In short, I want to enable “create_graph” when doing loss.backward() while using torch.nn layers, such that I can do param.backward() to get the gradient of the final weights w.r.t a hyper parameter.

In details, I am implementing an algorithm to solve a bilevel problem (two nested problems). One can look at the parameters optimised in the inner one as the weights of a torch.nn based model, while the parameters of the outer problem as the hyper parameters. I want to optimise both with gradient descent. Thus, to do one update on the hyper parameters, I need the gradient of the model’s weights (after being trained) with respect to these hyper parameters. This is because the loss function related to the hyper parameters optimisation is a function of the trained model weights.
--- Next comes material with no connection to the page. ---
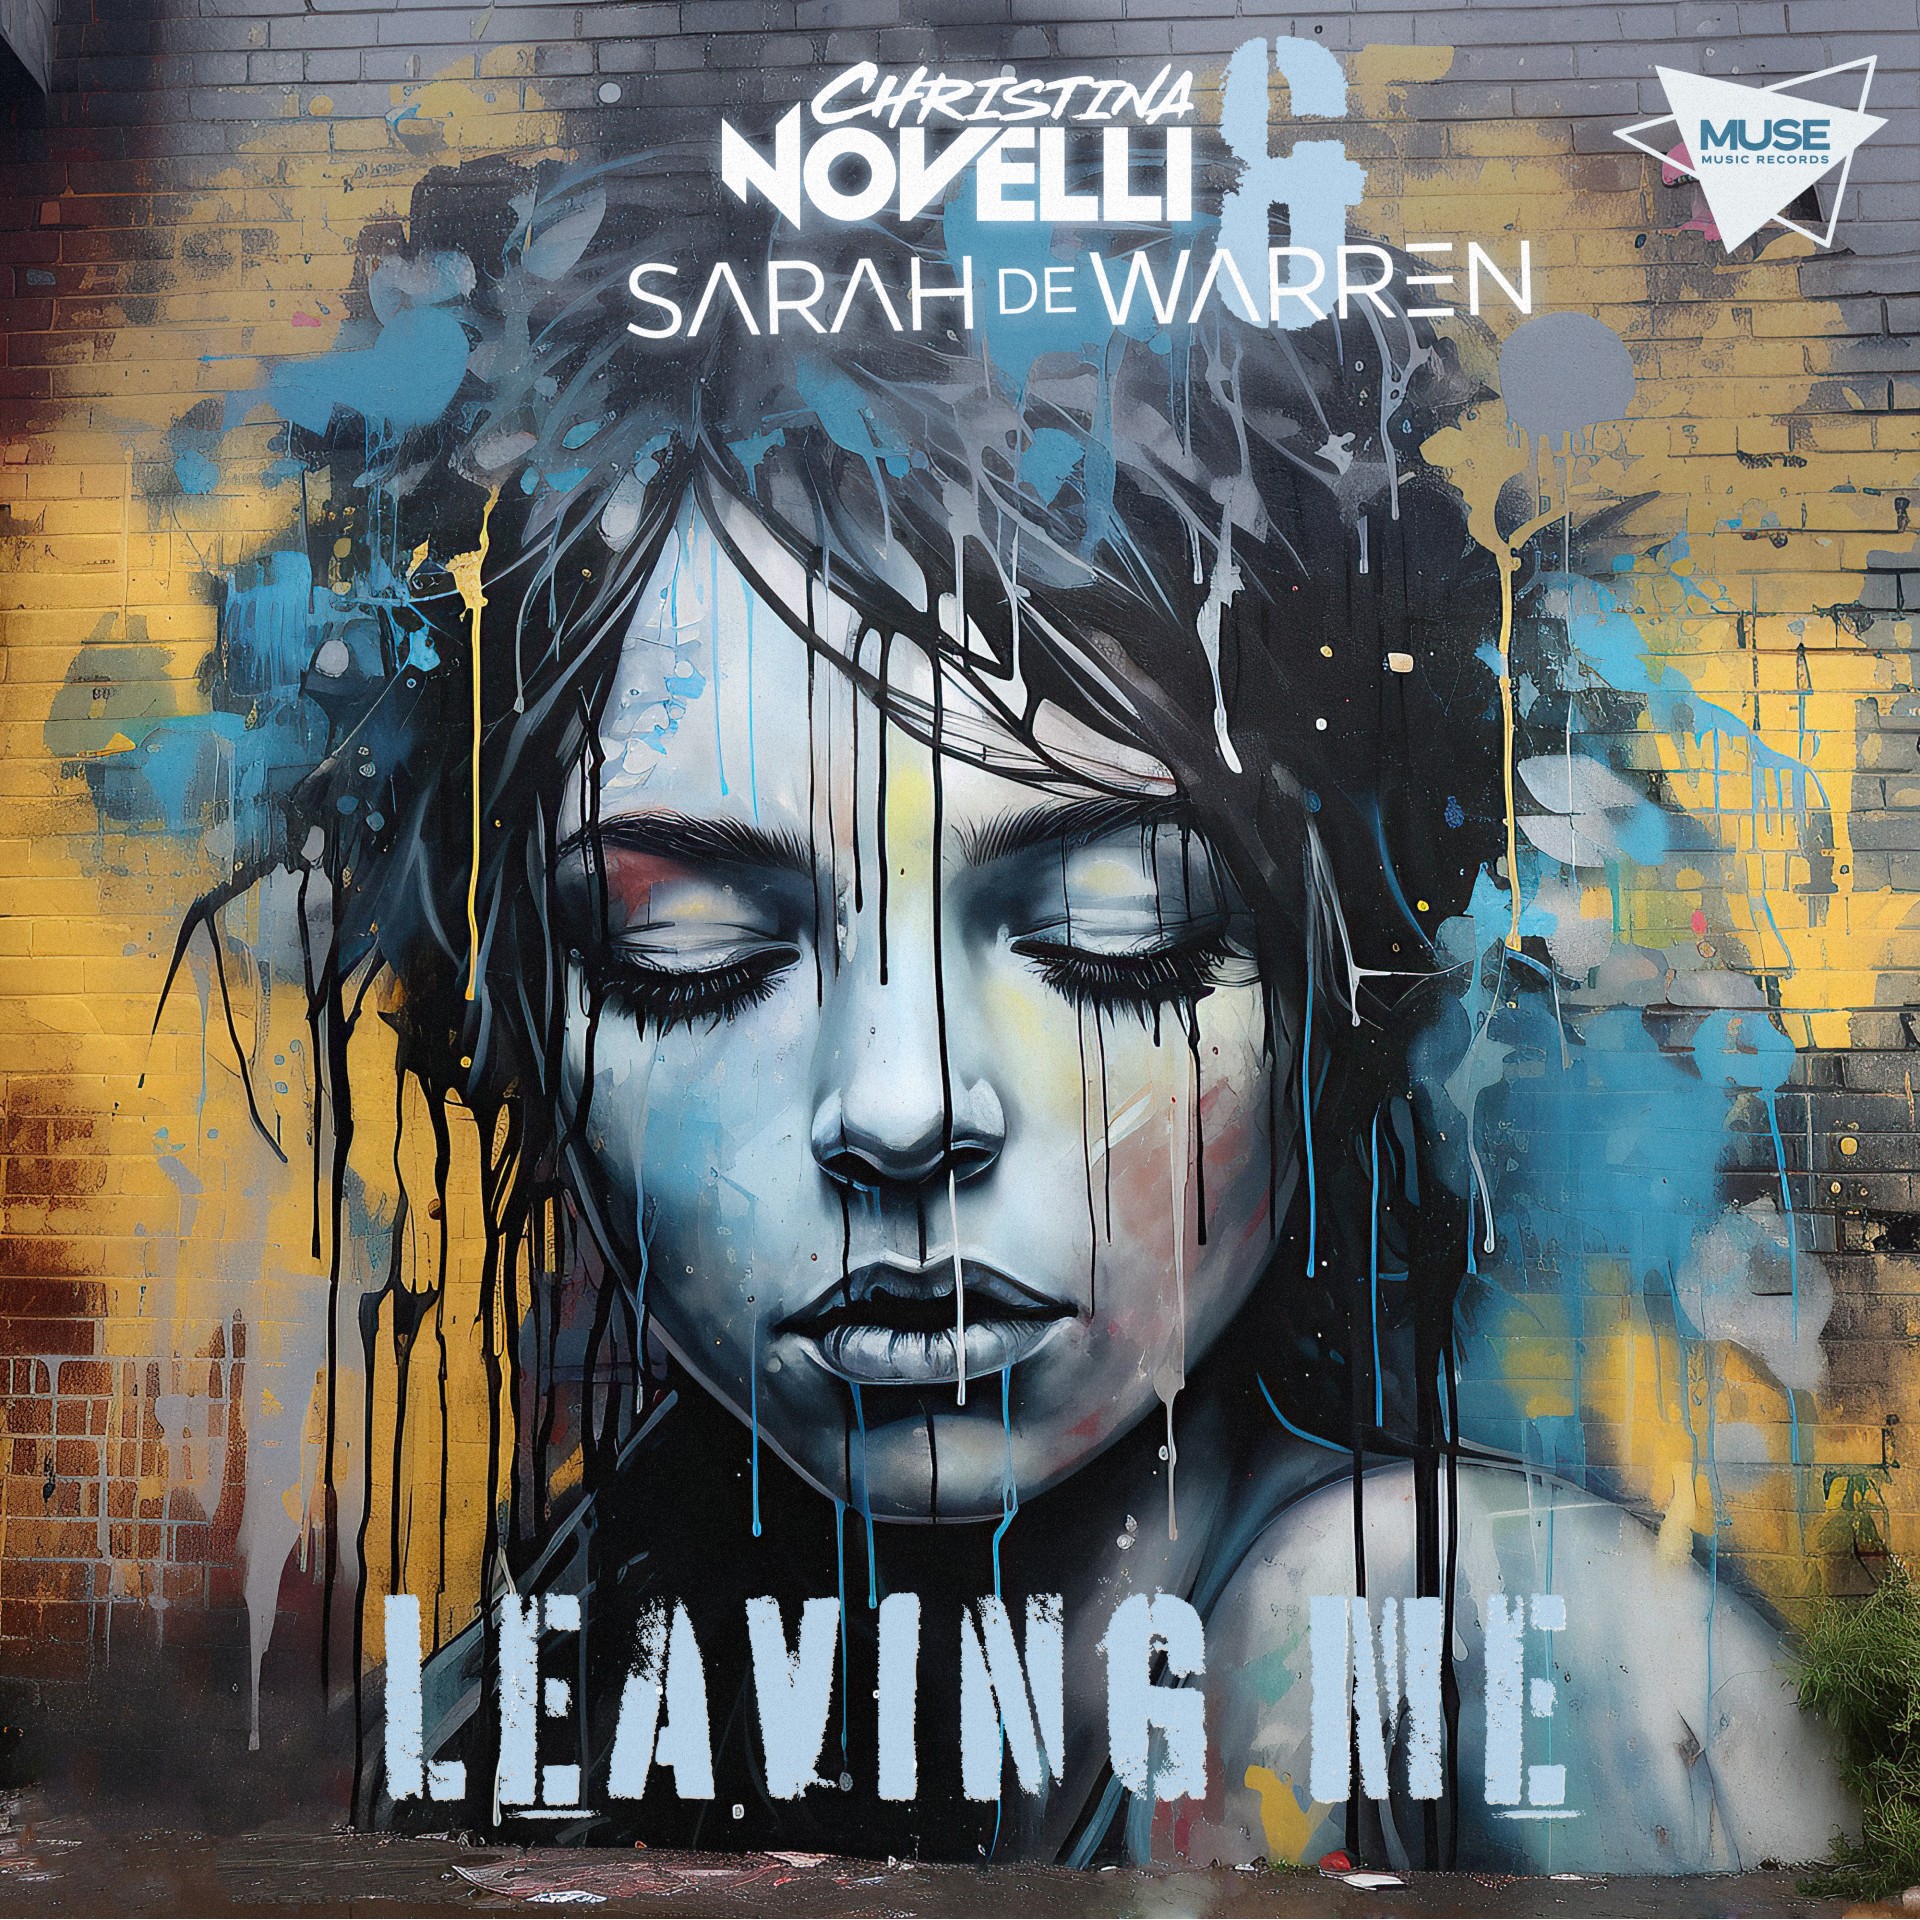 Christina Novelli and Sarah de Warren presents Leaving Me on Black Hole Recordings
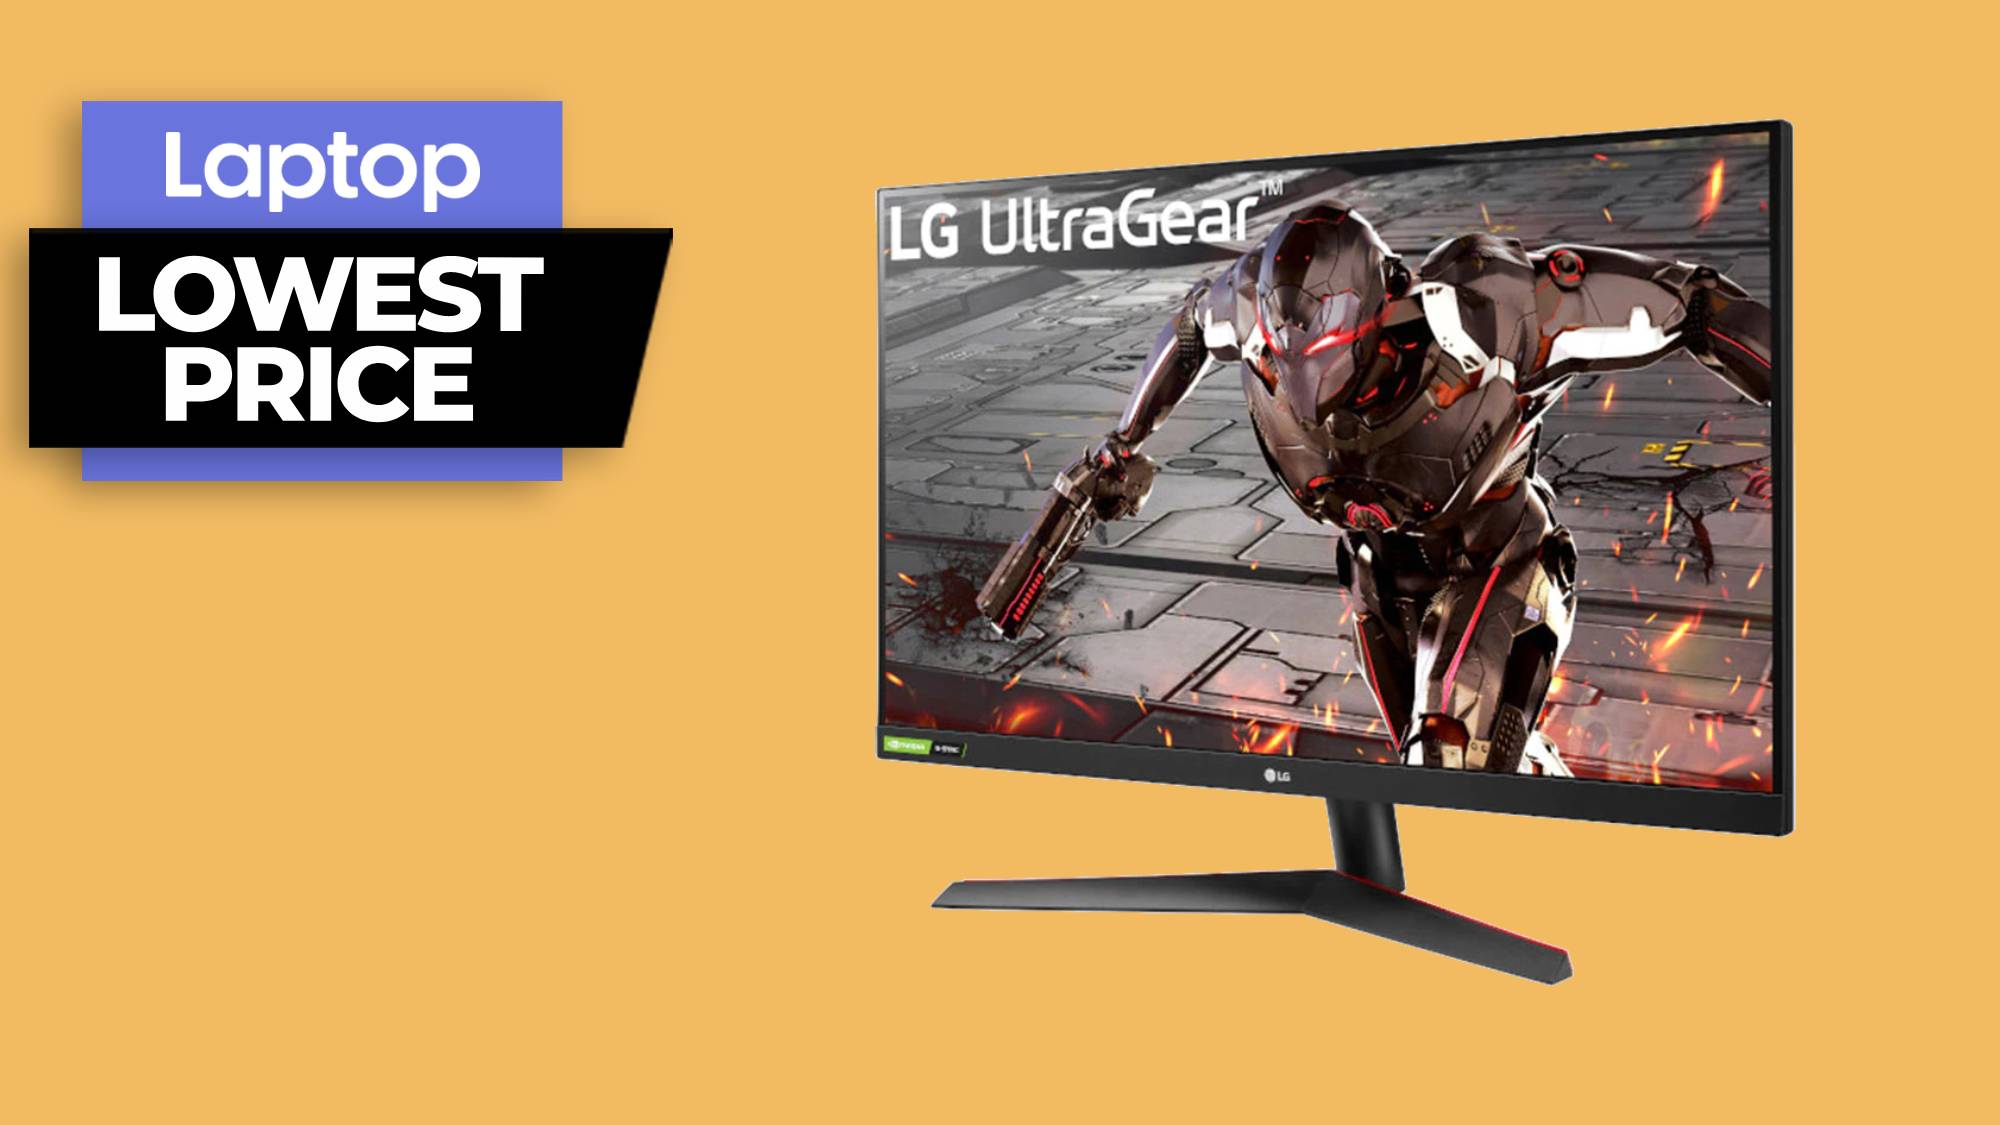 LG UltraGear gaming monitor lowest price

The problem is that even when I set (create_graph = True) when I backward the inner loss, optimizer.step() performs in-place updates, so the graph cannot be created. Similarly when replacing optimizer.step() with manually doing the updates on the model weights, as it is still in-place updates:

```
for name, param in model.named_parameters():
param.data =param.data - param.grad
```

A simplified code of what I want to do:

```
for t in range(OUT_MAX_ITR):
model.train()
for i in range(IN_MAX_ITR):
optimizer.zero_grad()
outputs = model(xtr)
loss = compute_loss(outputs)
loss.backward(create_graph=True)
optimizer.step()
theta.grad = None
out_loss = function_of_model_weights()
out_loss.backward()
update_theta(theta, theta.grad)
```

Here theta is the hyper parameter to be optimised.

Is there a way or a work around in torch to do that second order differentiation (or bilevel optimisation) when working with torch.nn?